Pearson Correlation for selected GBM model with 6 features.

Figure 3
figure 3

ROC curves of the validation group for GBM model with six features (left) and ten features (right).

Discussion

Our radiomics approach with only six features was able to predict the occurrence of pseudoprogression with an AUC, mean sensitivity, mean specificity and mean accuracy of 91.49% [86.27%, 95.89%], 79.92% [73.08%, 87.55%], 88.61% [85.19%, 94.44%] and 84.35% [80.19%, 90.57%] in the full development group and 72.87% [70.18%, 76.28%], 71.75% [62.29%, 75.00%], 80.00% [69.23%, 84.62%] and 76.04% [69.90%, 80.00%] in the independent validation group, respectively.

The detection of pseudoprogression after radiation therapy is an important clinical problem. Conventional MRI including pre- and post-contrast T1 weighted images remains the most common diagnostic method10, limitations persist in enabling an accurate and reliable differentiation of true progression from pseudoprogression11. Recent studies have confirmed the added value of advanced imaging methods, including spectroscopy, amino acid PET and perfusion MRI, to improve the differentiation of these two entities12,13,14,15. However, availability, scan time restrictions, reimbursement issues and a lack of standardization limit the widespread clinical use of such advanced imaging methods.

In clinical routine physicians often resort to a combination of imaging and biopsy to ascertain the final diagnosis of true progression or pseudoprogression, as this combination is considered the gold standard with the highest diagnostic accuracy16. However, the invasive nature of biopsy harbors inherent risks for complications.

Several studies have shown the potential of radiomics for adding important diagnostic information to HGG diagnosis and prognosis. For instance, based on combining selected MRI radiomics, genetic and clinical risk factors, Tan et al. predicted the overall survival using contrast enhanced T1 weighted and T2/ FLAIR weighted MR images17. Zhang et al. predicted the IDH genotype in high-grade gliomas with an accuracy of 89% in the validation dataset9. Similarly, Zhou et al. extracted features from conventional MR images of more than 500 patients with diffuse low- and high-grade gliomas and predicted IDH mutation and 1p19q codeletion status18. Chiu et al. designed a radiomic-based model with MRIs for the efficient classification of tumor subregions of GBM19. Based on several MRIs, Tian et al. evaluate TERT (telomerase reverse transcriptase) promoter mutations in HGG by using radiomics and detected relevant indicators (Age, Cho/Cr, Lac, CNV, and Radscore)20.

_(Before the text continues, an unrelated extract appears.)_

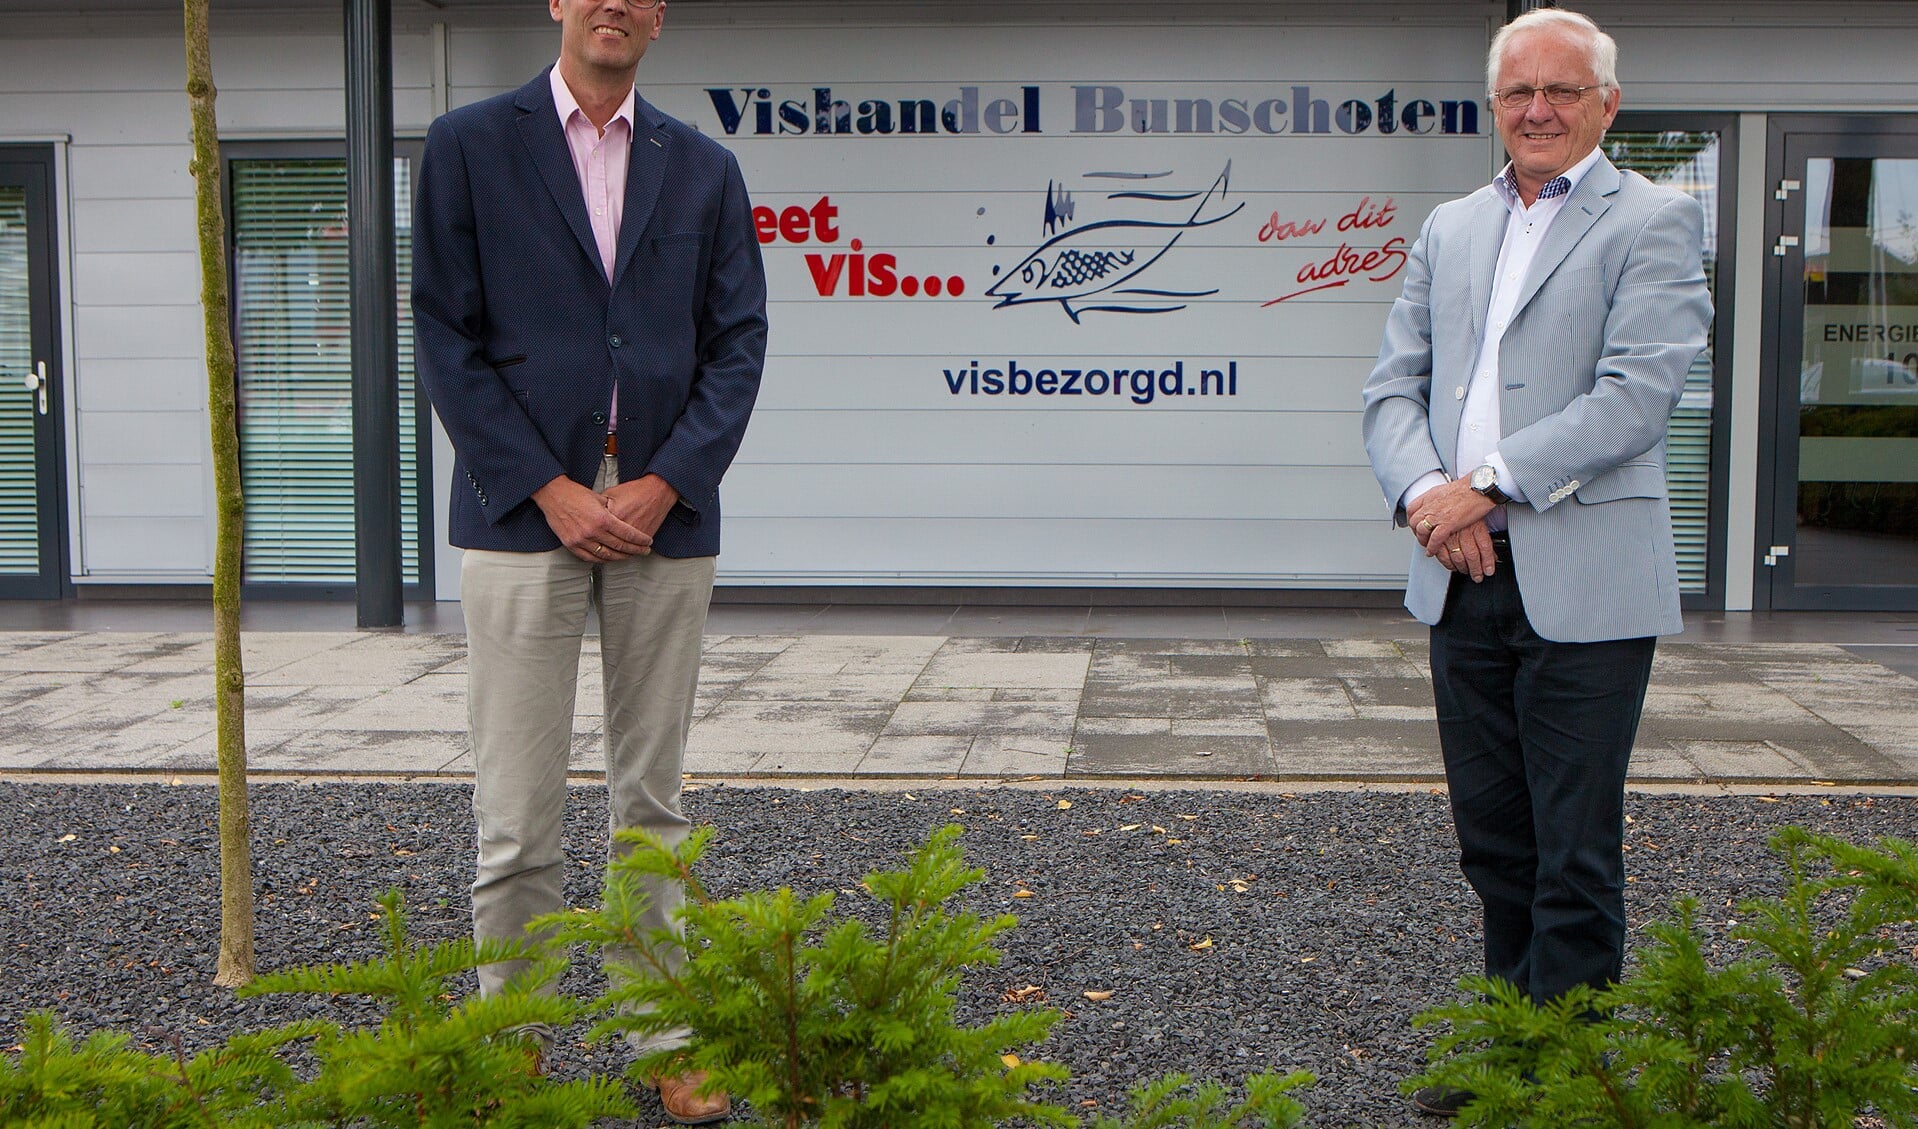 Rechts Jan Kroon, samen met René Schiltkamp voor Vishandel Bunschoten, waar zij hopen een vispaviljoen te kunnen starten.

However, to the best of our knowledge, no other study used this technique to predict the occurrence of pseudoprogression with a similar sample size or similar methodology.

Most importantly, we would like to highlight that in this study special consideration was given towards minimizing overfitting in the ML-backed prediction model. Specifically, we divided the data into a development sample, which was trained 10 times into 90% training data and 10% unseen test data and repeated 100 cycles to determine the mean score each time. We then validated our results in another previously unseen data set. Interestingly by using GBM, we get similar results with the unseen test sample and with the truly independent validation sample. This further corroborates the reliability and reproducibility of our results.

This study has several limitations that need to be addressed. Firstly, this was a retrospective study with inherent limitations. Secondly, we did not include diffuse astrocytic and oligodendroglial CNS tumors or include equal number of patients with different mutations. Furthermore, we had to excluded 62 patients due to various reasons. Lastly, our independent, previously unseen validation data set was relatively small. Larger prospective cohorts are required to confirm our findings.

Despite these limitations, we obtained robust results with a relatively small dataset using an independent external validation data set.

In conclusion, our results indicate that radiomics is a promising tool to predict the occurrence of pseudoprogression, thus potentially allowing physicians to reduce the use of biopsies and invasive histopathology. However, further prospective clinical data are needed before this technique can be translated into clinical practice.